The following code cell uses the Earthdata `earthaccess` API to search for SWOT discharge data by specifying a product name and a date range. It returns basic information about the available data files that match our search. 

In [None]:
# Search and locate granules
granule_info = earthaccess.search_data(
    short_name="SWOT_L4_DAWG_SOS_DISCHARGE",
    temporal=("2023-04-07", "2023-04-26"),
)

The output contains a series of SWOT discharge data granules. Each granule corresponds to a specific version (Version:1 ) of the SWOT_L4_DAWG_SOS_DISCHARGE data collection. For each granule, the following metadata is shown:
* Spatial Coverage: The geographic bounding box where the data applies
* Temporal Coverage: The date and time range the granule covers.
* Size: The size of the data file.
* Data: URLs linking to NetCDF files—typically a `*_results.nc` file with output data and a `*_priors.nc` file with input or constraint data used in the model.

In [None]:
# Display the metadata for the first two items
granule_info[0:2]

After obtaining granule_info, use the Earthdata `open` function to generate a list of cloud-hosted file-like objects, where each item represents a SWOT SoS NetCDF file. Each file is either a `*_results.nc` file containing model outputs or a `*_priors.nc` file with input parameters used in the modeling process. This step is essential before accessing and exploring specific data groups within the files, as it provides the necessary remote file references for lazy cloud-based access.

In [None]:
%%time

files = earthaccess.open(granule_info)

In [None]:
# Print the first two items of the list
files[0:2]

The items are ordered sequentially in the list. So files[0] is the first results file, files[1] is its associated priors file, and so on. The SoS dataset is organized into multiple named groups, each corresponding to a distinct module (algorithm) used in the Confluence workflow. Using Python's `h5netcdf` package, we can list these groups. You can explore detailed descriptions of these groups and their contents in the official data tutorial at https://podaac.github.io/tutorials/notebooks/datasets/SWOT_L4_DAWG_SOS_DISCHARGE.html.


In [None]:
%%time

with h5netcdf.File(files[4], mode='r') as f:
    print(list(f.keys()))  

These groups can be accessed directly from the SoS NetCDF file using tools like xarray as shown in the next section. 

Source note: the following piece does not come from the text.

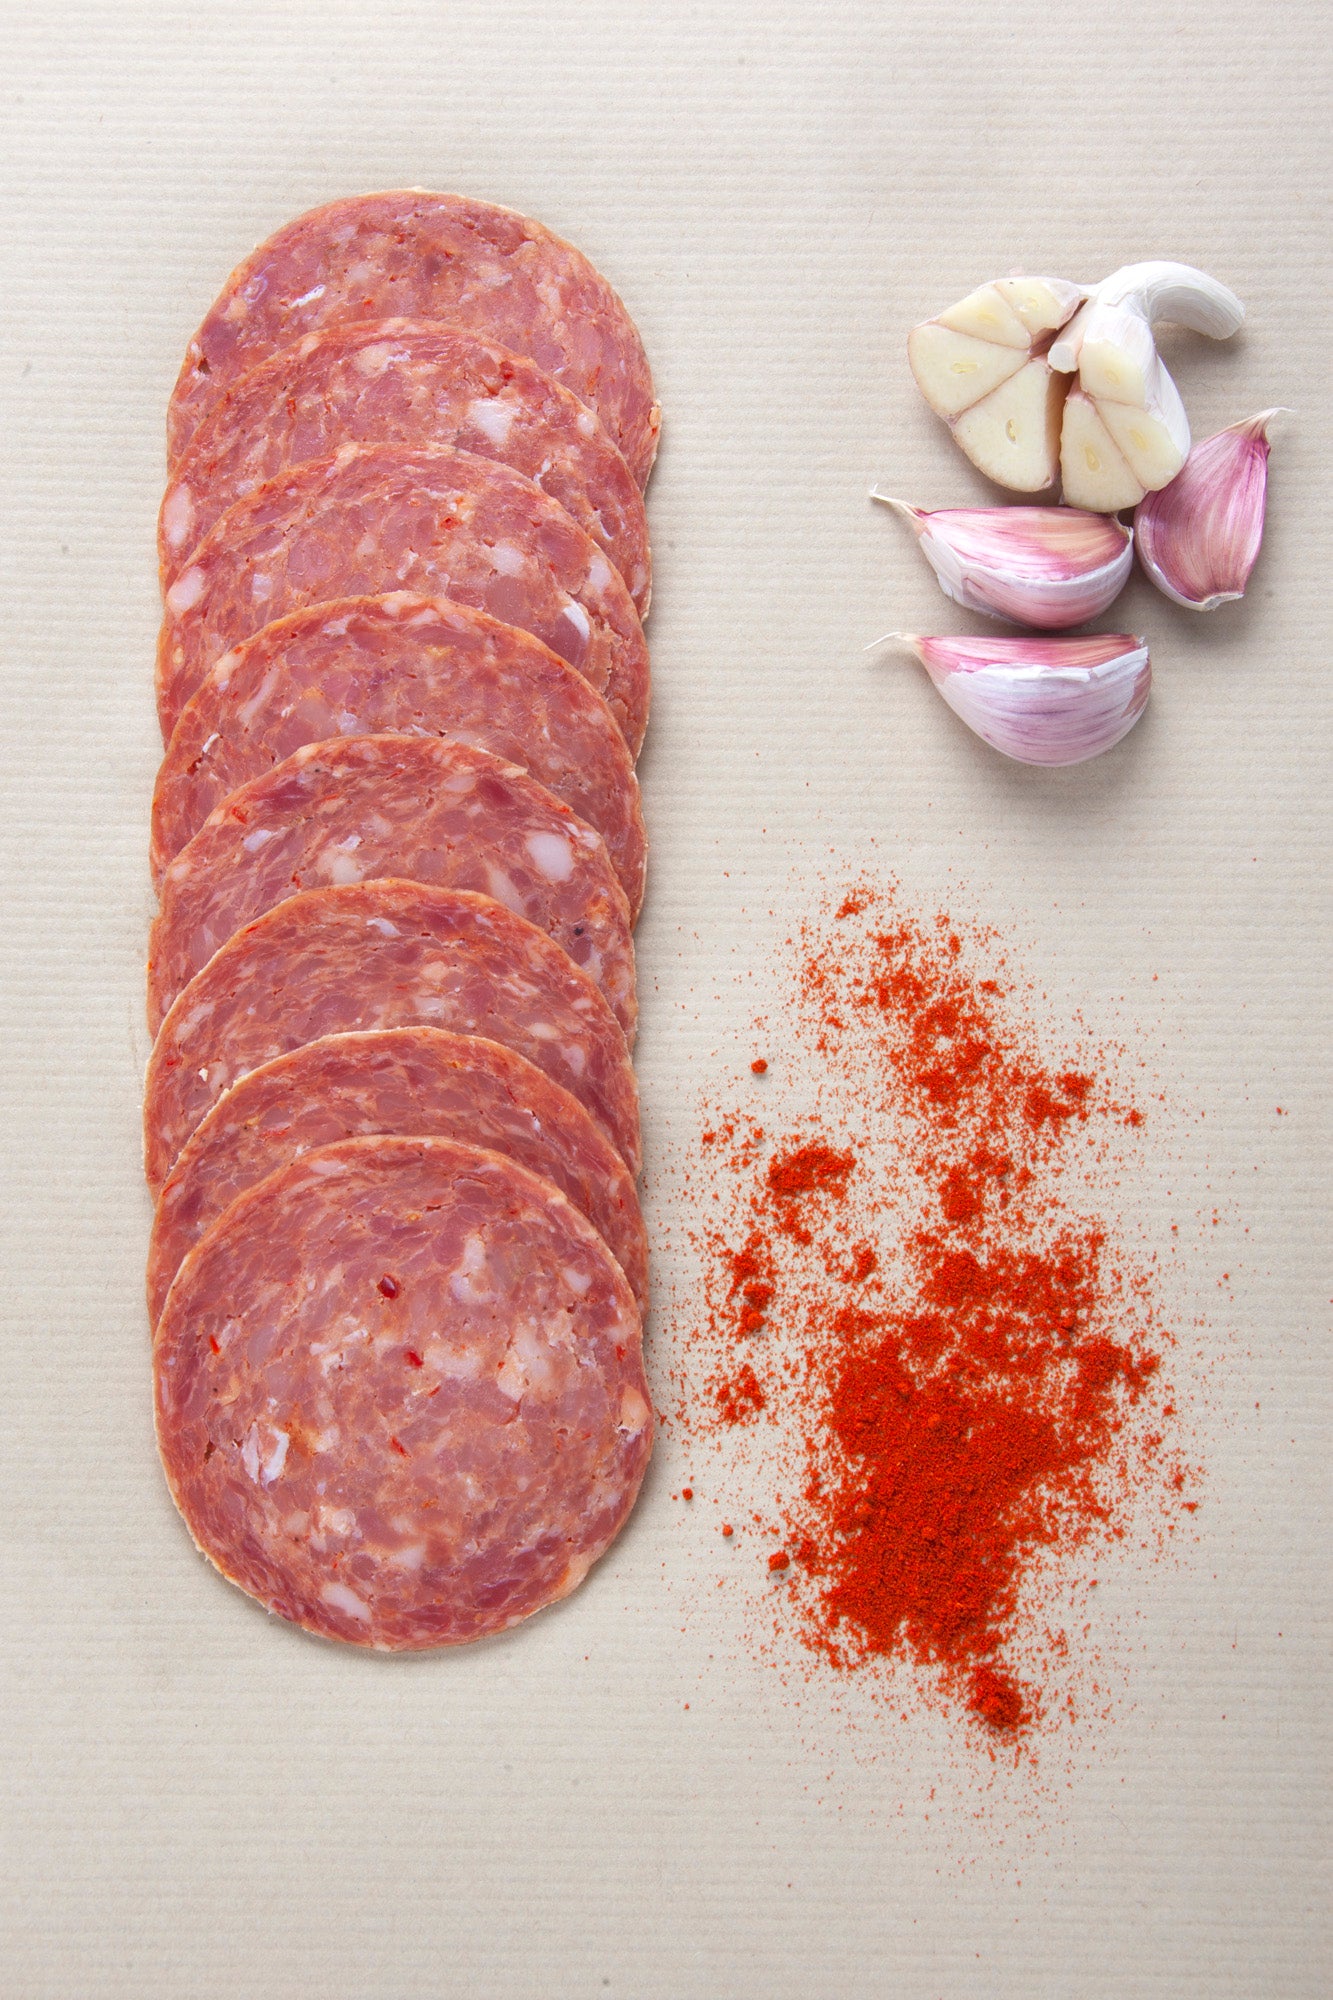 Marsh Pig Salami [Sliced] Garlic & Paprika - 100g
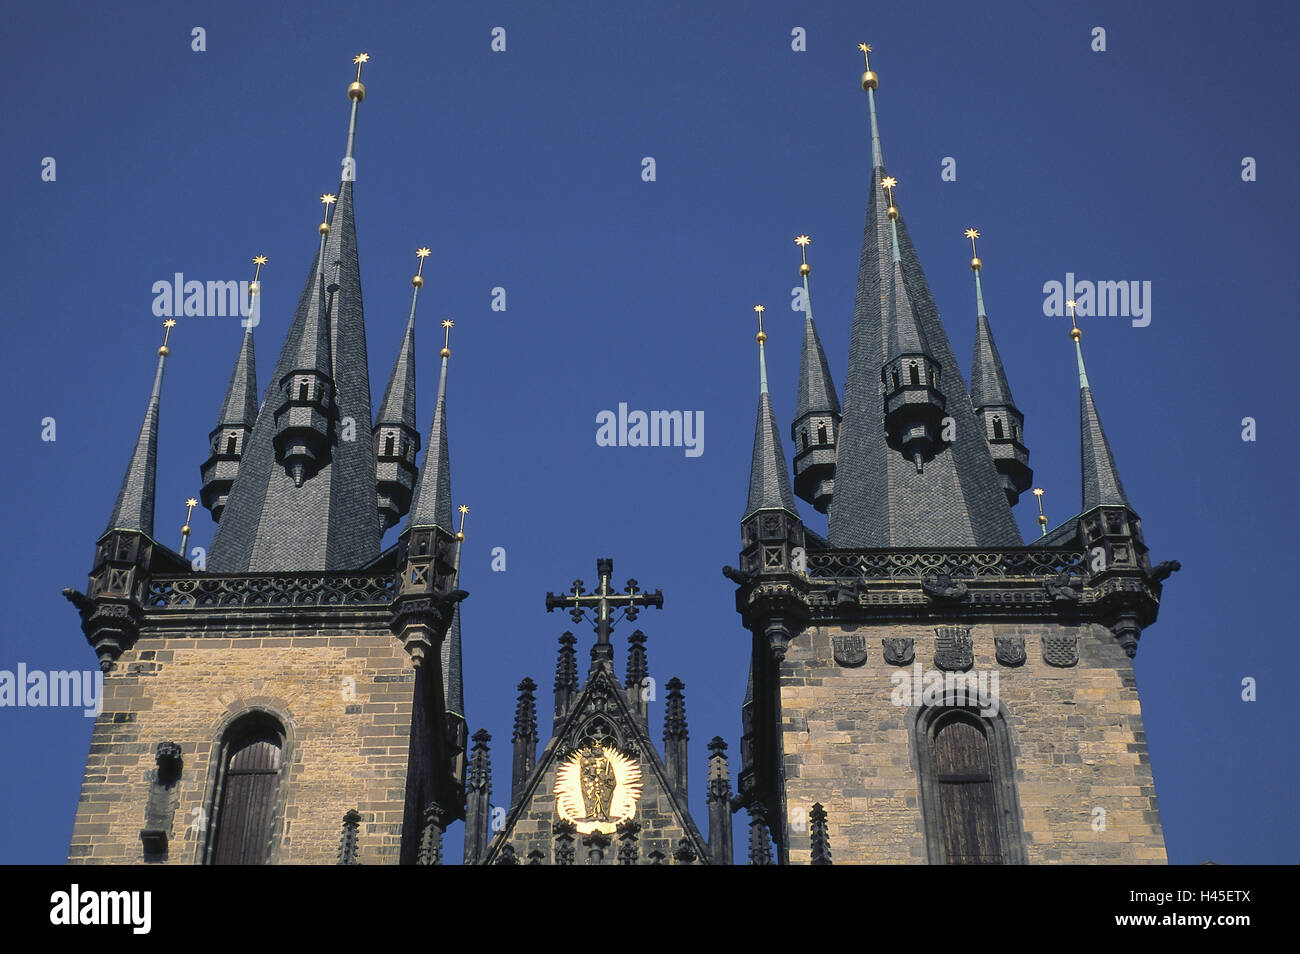 República Checa, Praga Teynkirche, campanarios, iglesia, iglesia, religión, fe, estructura, arquitectura, torres, campanarios, el cielo azul, despejado, estilo arquitectónico gótico tardío, Foto de stock

## 3 Access and explore SoS reach data using xarray 

We use xarray twice here to directly load two different groups from the same SWOT SoS cloud-hosted **results** files:

* `reaches` group: contains metadata about each river reach (such as reach_id, river_name, etc.).
* `hivdi` group: contains the discharge time series (Q) estimated by the HiVDI algorithm, using the same set of reaches.

You notice that both datasets share the same dimension size (`num_reaches`). We load the reaches and hivdi groups separately because both sets of information are needed for this analysis and visualization. 

In [None]:
%%time

ds_reaches = xarray.open_dataset(files[4],
                                 group='reaches',
                                 engine='h5netcdf',
                                 decode_cf=False,    
                                 decode_times=False, 
                                 decode_coords=False)
ds_reaches

In [None]:
%%time

ds_hivdi = xarray.open_dataset(files[4],
                           group='hivdi',
                           engine='h5netcdf',
                           decode_cf=False,    
                           decode_times=False, 
                           decode_coords=False,
                        )
ds_hivdi

The `reaches` group provides structural metadata for each reach, while the `hivdi` group contains the discharge time series estimates. We will combine them using the common `num_reaches` coordinate to create a unified dataset that links each reach's discharge values with its corresponding metadata, enabling more effective exploration and interpretation.

In [None]:
# Merge two datasets using the common coordinate
ds_merged = xarray.combine_by_coords([ds_reaches, ds_hivdi])
ds_merged

## 4 Filter discharge data by river name


This section shows how to extract discharge data for a specific river from the merged SoS dataset. The dataset includes discharge time series linked to geographic coordinates that intersect with river reaches defined in the SWORD database. To focus our analysis, we isolate a subset of reaches associated with a user-defined river, for example the **Rhine River**, using a simple filtering approach.


In [None]:
# Select a river of interest
RIVER_NAME = "Rhine"

Select all elements from the reaches dataset that are associated with the river named above.

In [None]:
# Create a mask with values of True where the following condition is met, otherwise False.
mask = (ds_merged.river_name == RIVER_NAME).compute()

In [None]:
# Use the mask to filter our data
ds_filtered = ds_merged.where(mask, drop=True)
ds_filtered

## 5 Locate and analyze discharge timeseries for a reach of interest



We begin by visualizing all reach centerpoints (`x`,`y`) along the river of interest using an interactive map. You can hover over each point to view the reach_id, then identify a specific reach to explore its estimated discharge over time.

In [None]:
# Convert xarray to pandas DataFrame
df = ds_filtered[['x', 'y', 'reach_id']].to_dataframe().reset_index()

# Rename for clarity
df = df.rename(columns={"x": "lon", "y": "lat"})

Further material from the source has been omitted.